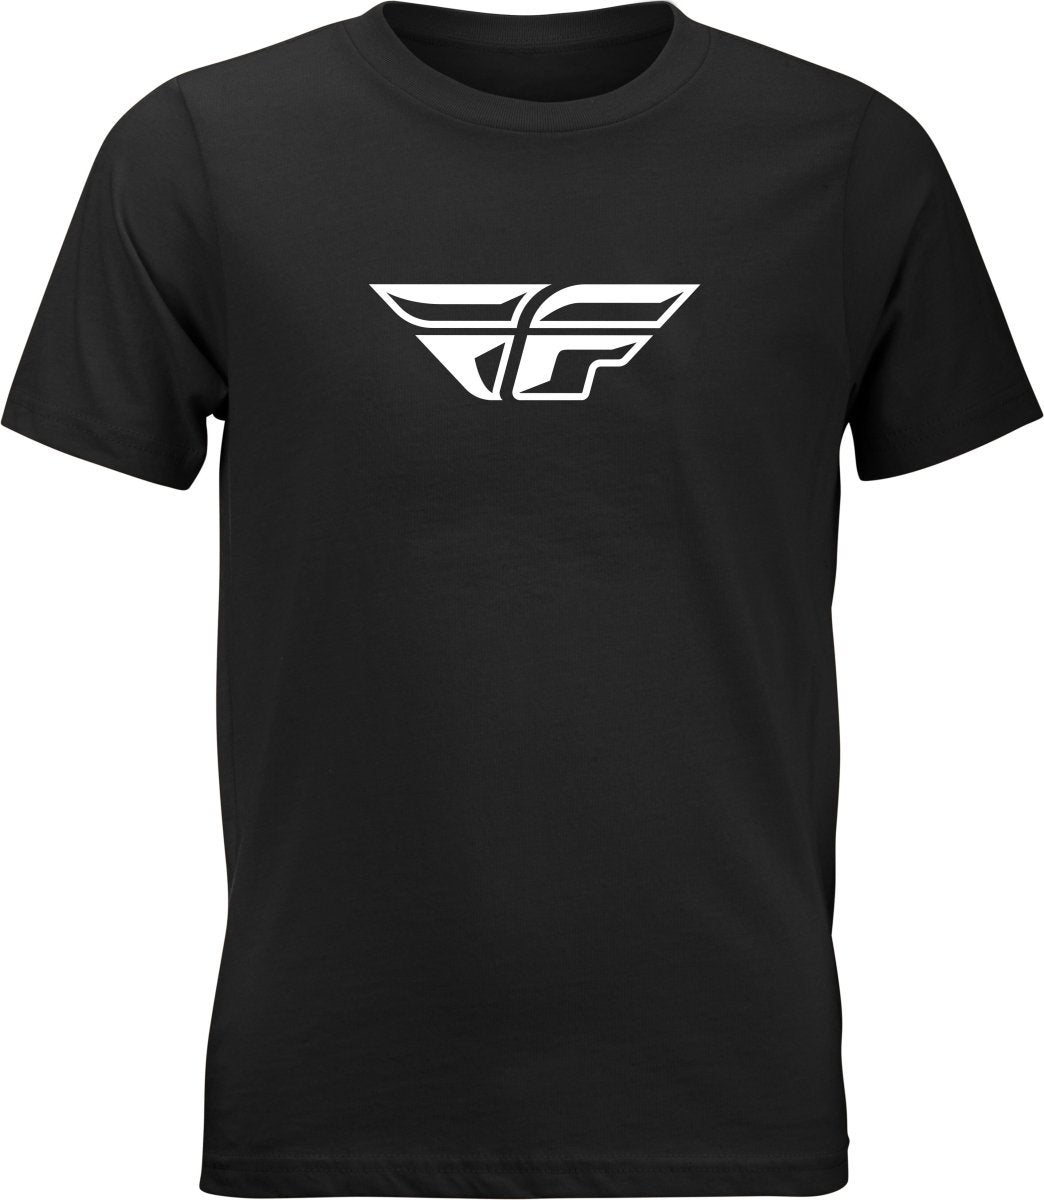 FLY RACING - YOUTH F-WING TEE - 352-0667YS - 191361242441
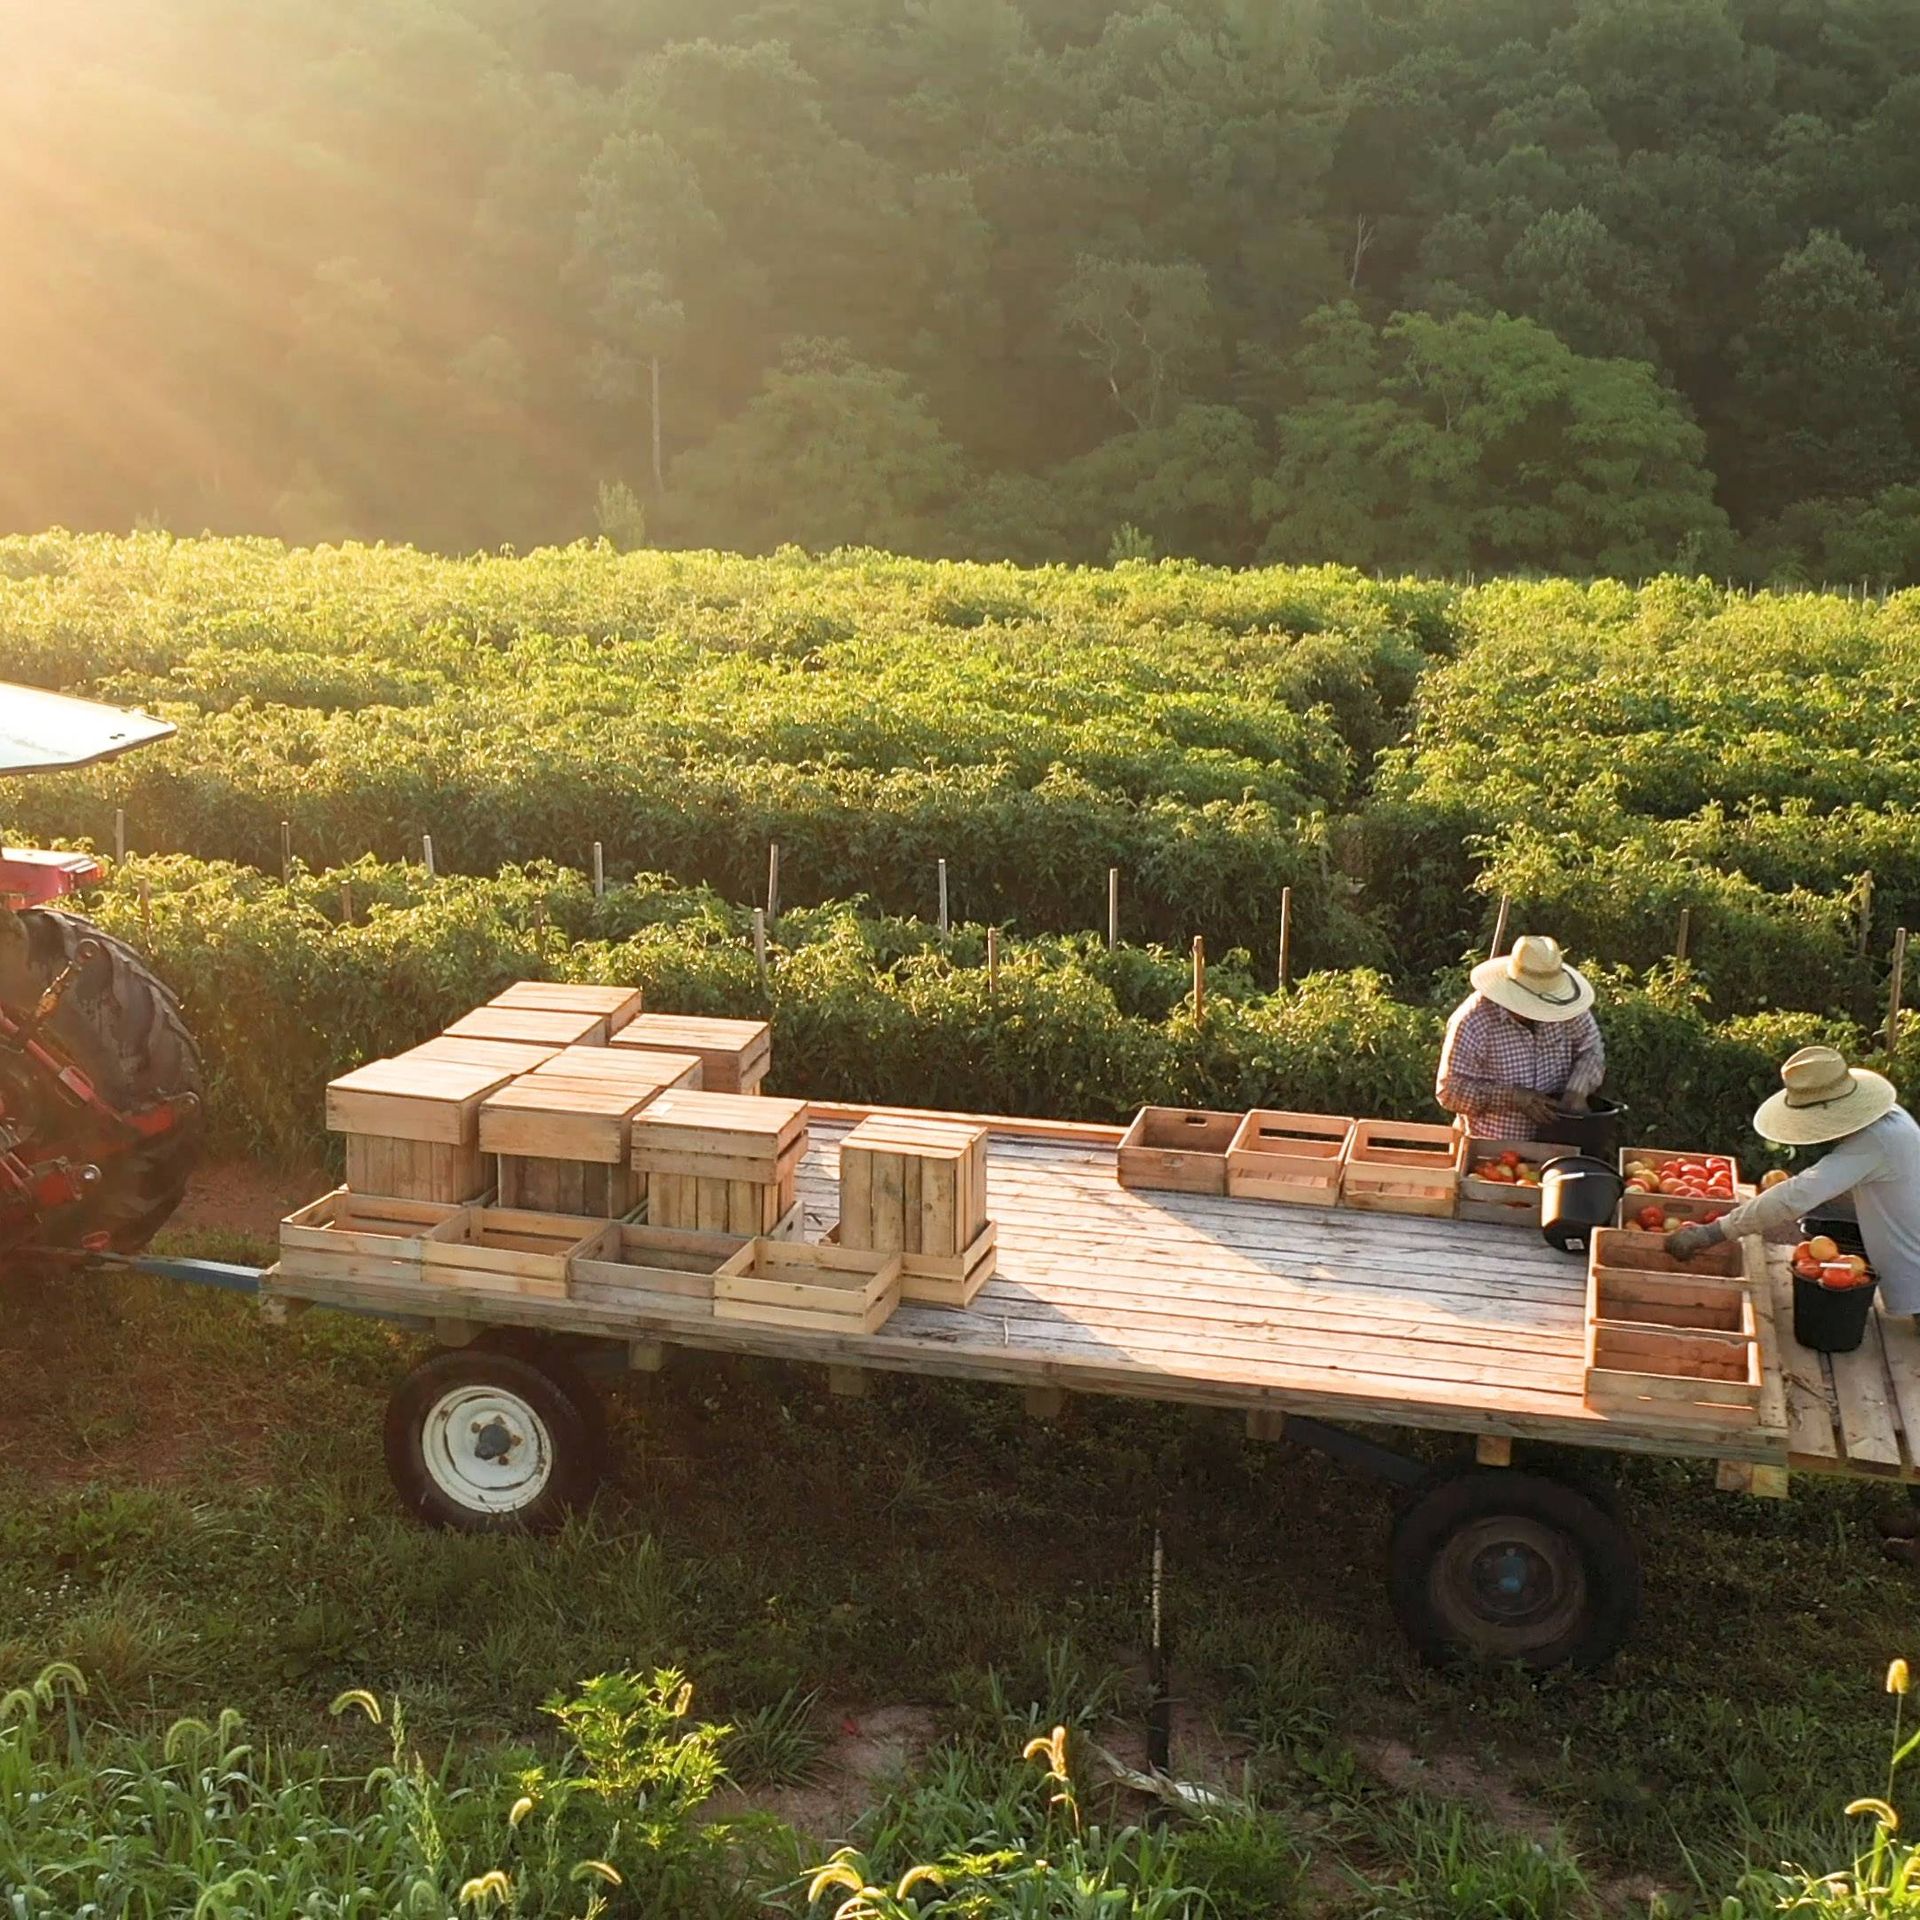 Image of two workers loading fresh produce onto a trailer after harvest
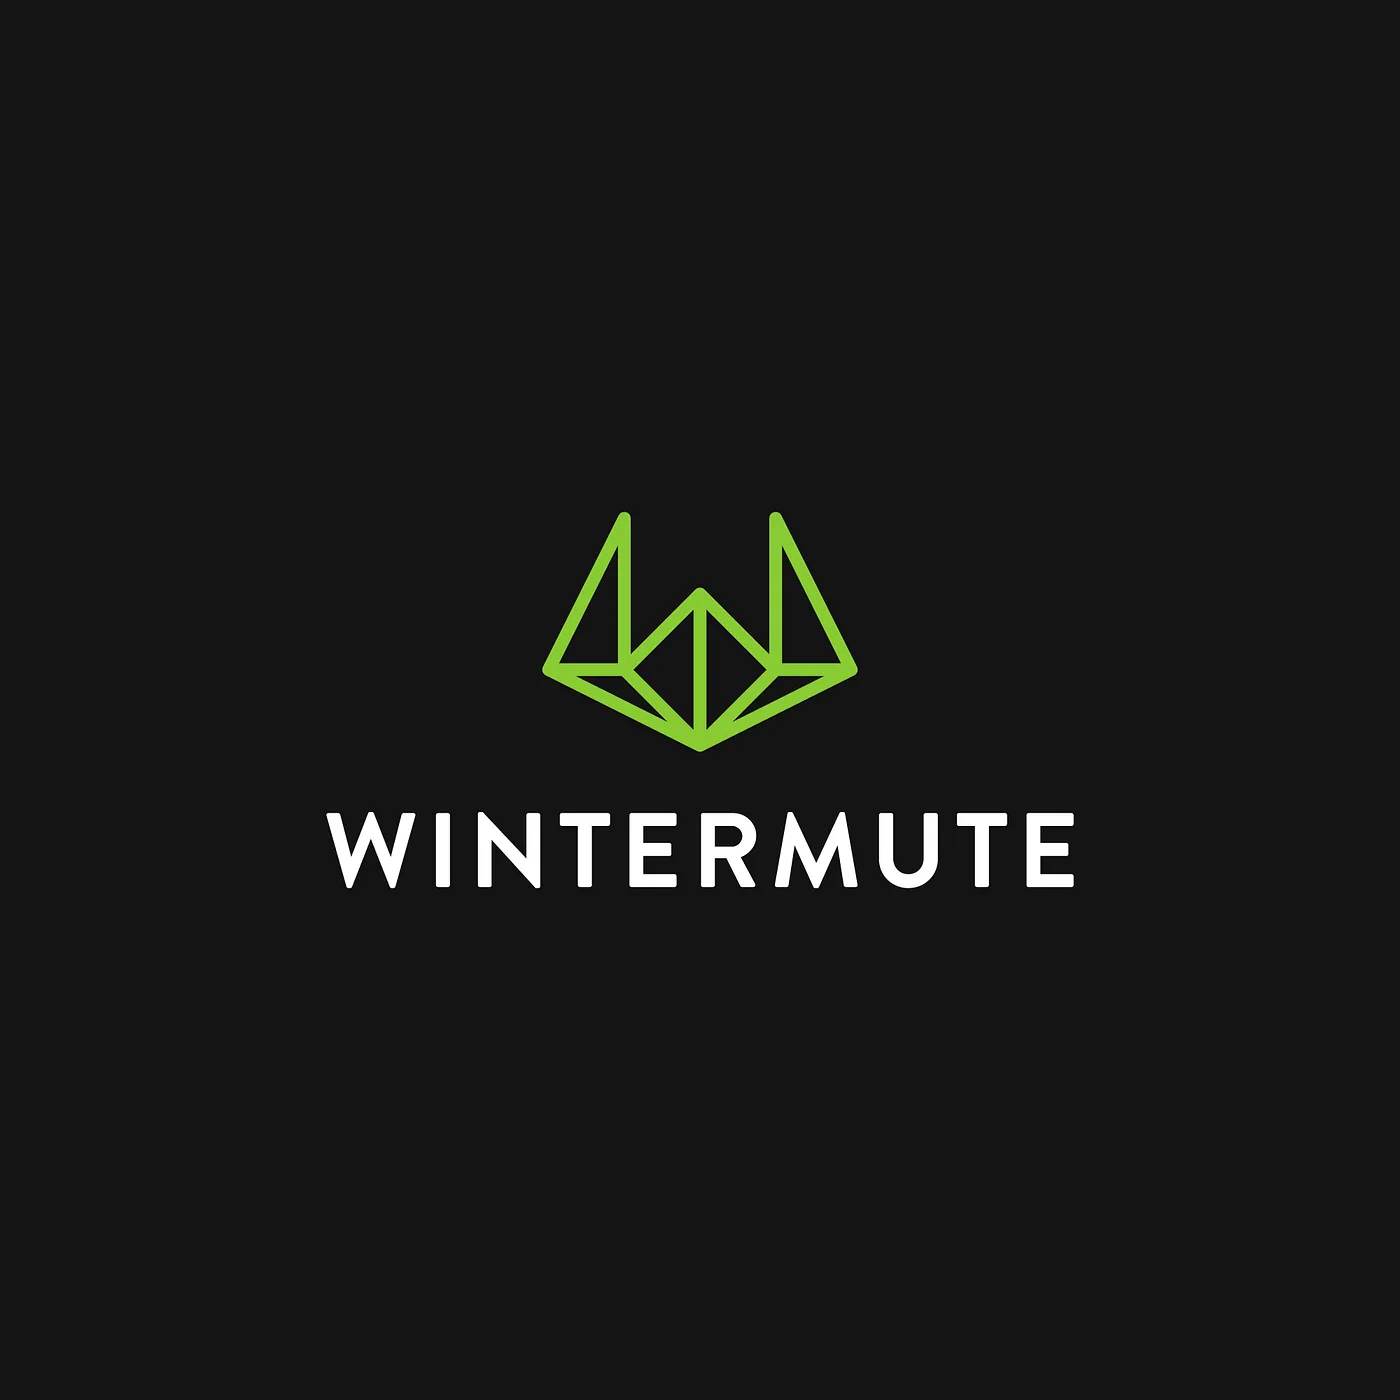 Wintermute makes sure you don’t get ripped off when you buy crypto.
::::
▶ [Try it] None of the pictures should be kept; reproduce all the remaining material exactly.

▶ [Output below]
 FLY RACING - YOUTH F-WING TEE - 352-0667YS - 191361242441
 Image of two workers loading fresh produce onto a trailer after harvest
 Wintermute makes sure you don’t get ripped off when you buy crypto.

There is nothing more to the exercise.